**Source data**:
※

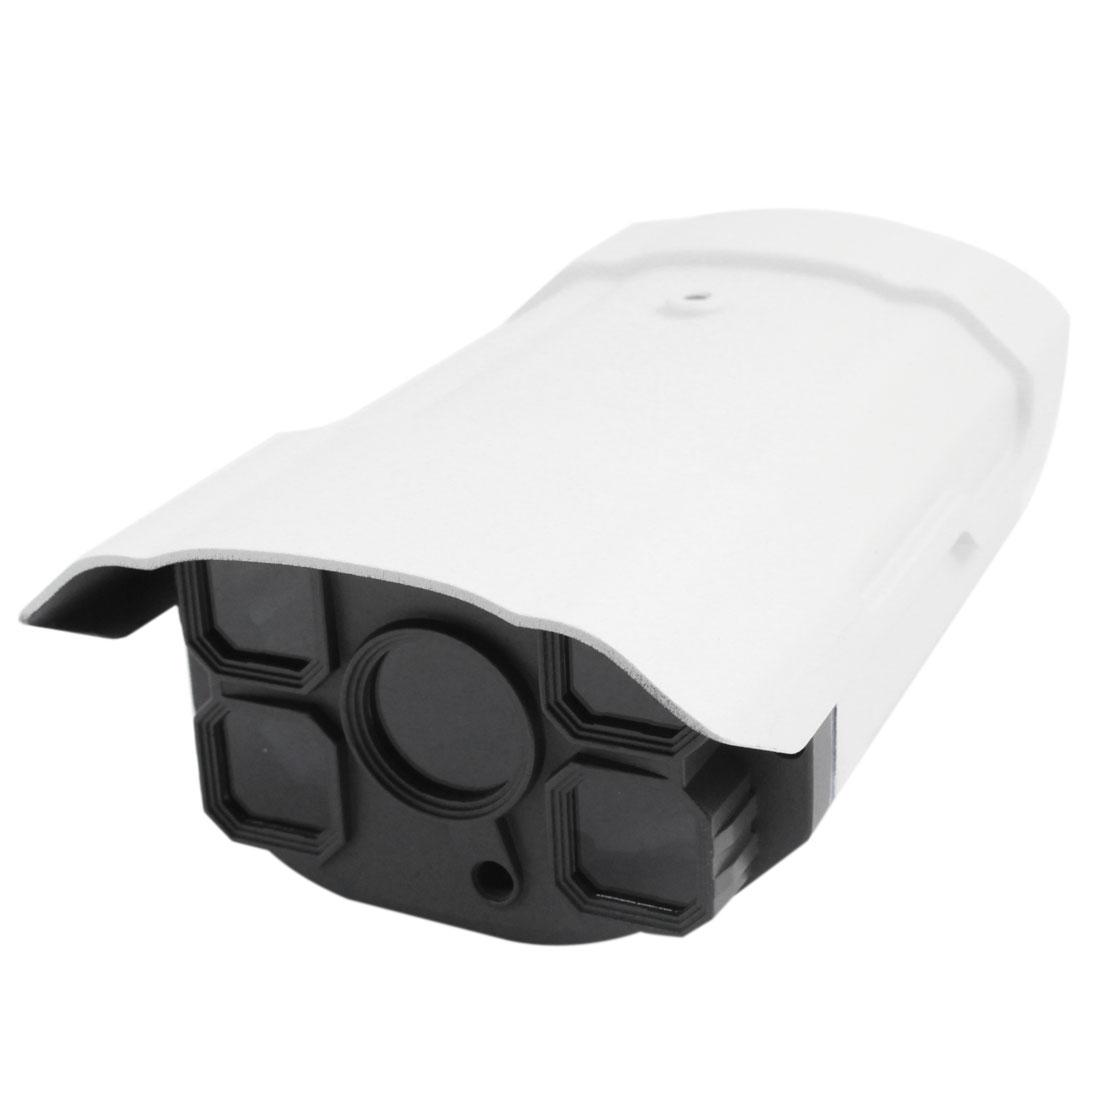 "Waterproof White Metal Array CCD Camera Housing Case 7.9"" x 4.9"" x 2.8"""
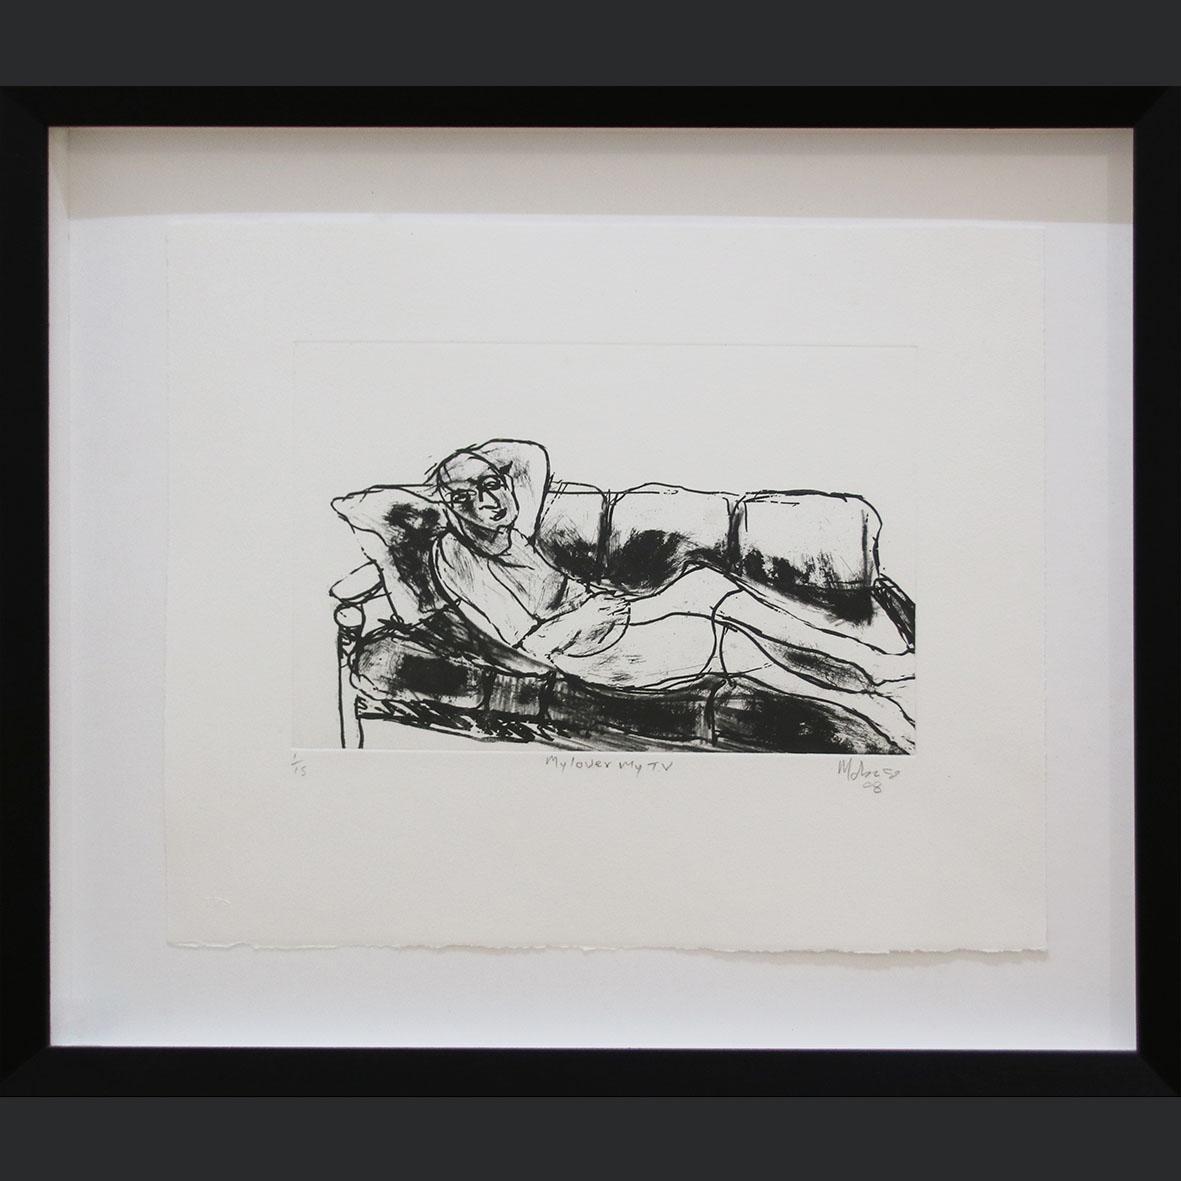 Dumisani Mabaso, My Lover My TV , signed 2008 - etching 1 of 15, 56 x 50.5 cm
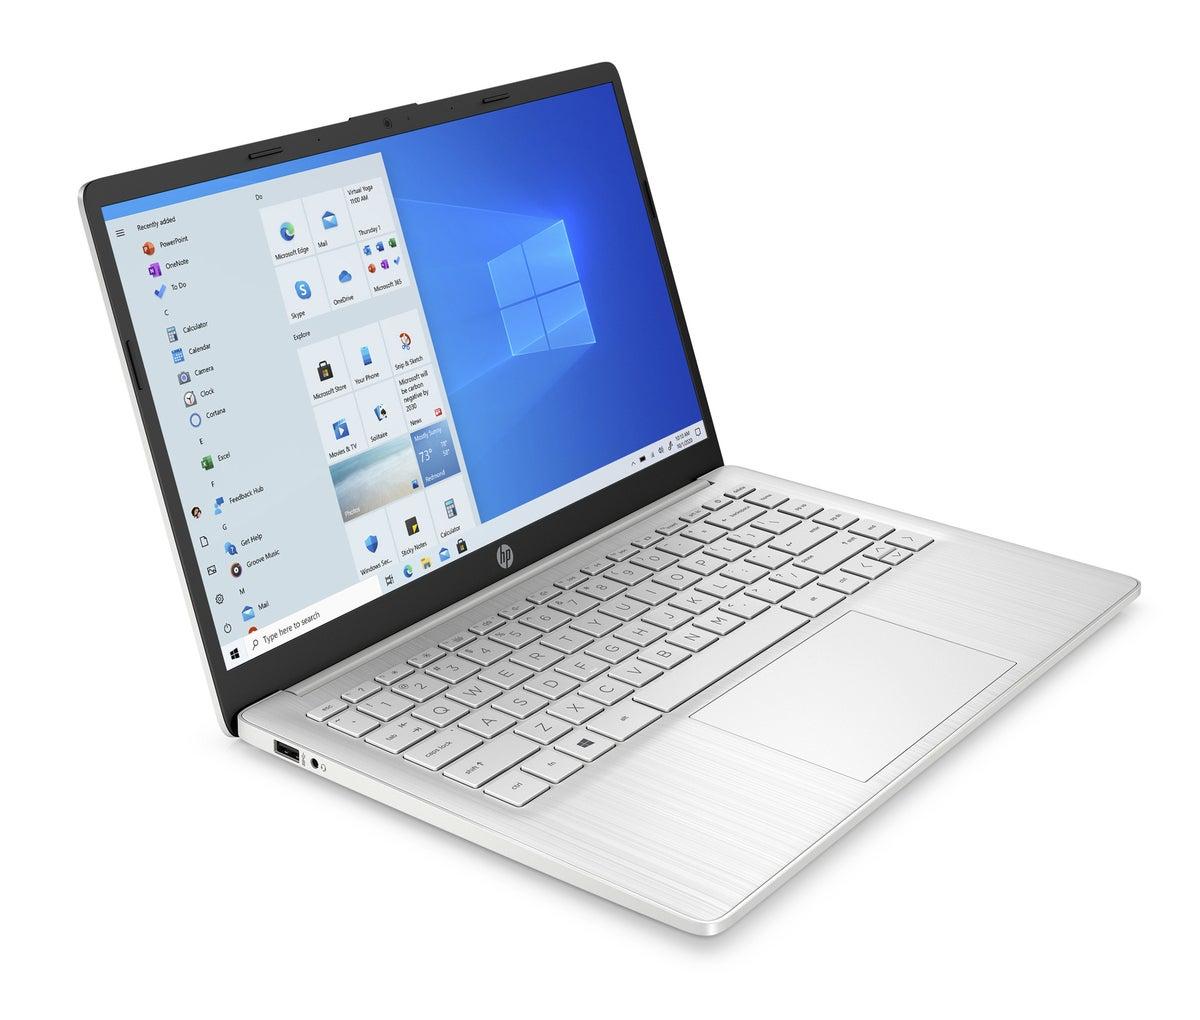 hp 14 inch laptop wlan naturalsilver nt hdcam nonodd nonfpr coreset frontright
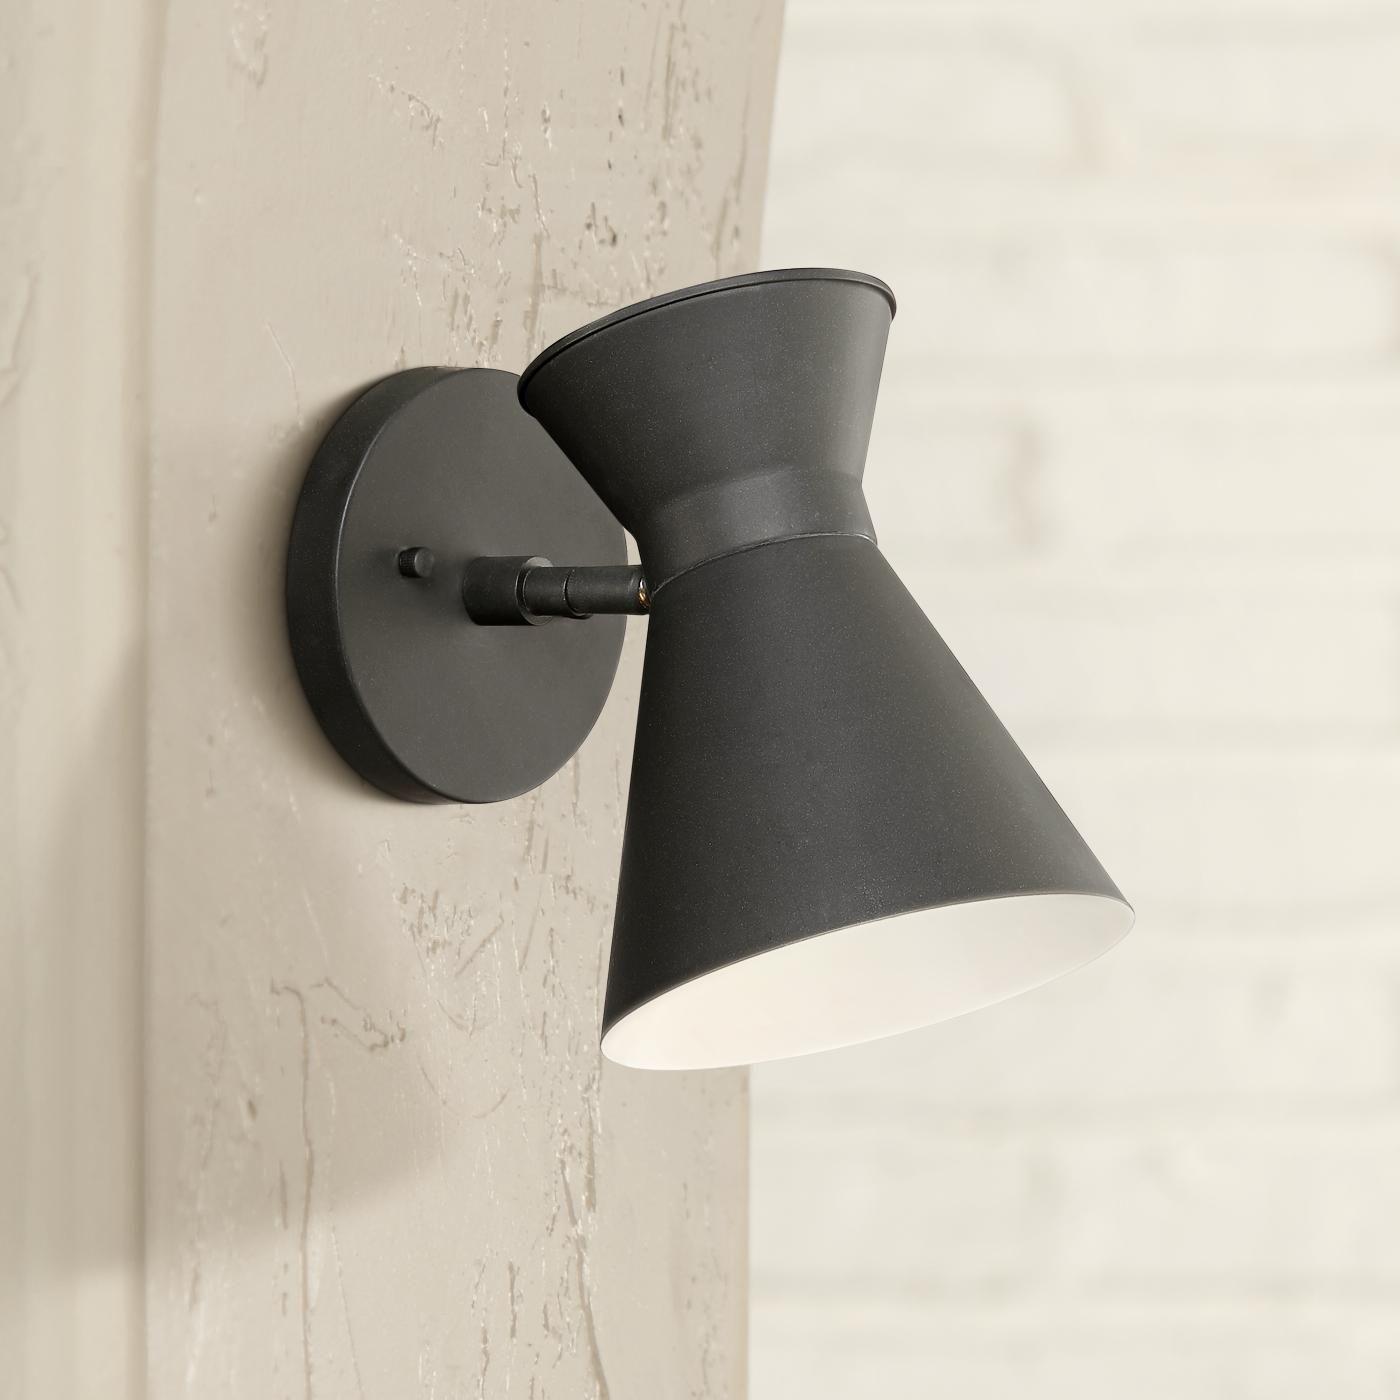 Vance 8 Inch High Black Led Outdoor Wall Light Led Outdoor Wall Lights Outdoor Wall Lighting Outdoor Wall Light Fixtures

※

**What you will do**:
Copy exactly the lines that run from the line containing "hp 14 inch laptop" to the end of the data above, keeping both end lines and leaving out all pictures.

**Expected answer**:
 hp 14 inch laptop wlan naturalsilver nt hdcam nonodd nonfpr coreset frontright
 Vance 8 Inch High Black Led Outdoor Wall Light Led Outdoor Wall Lights Outdoor Wall Lighting Outdoor Wall Light Fixtures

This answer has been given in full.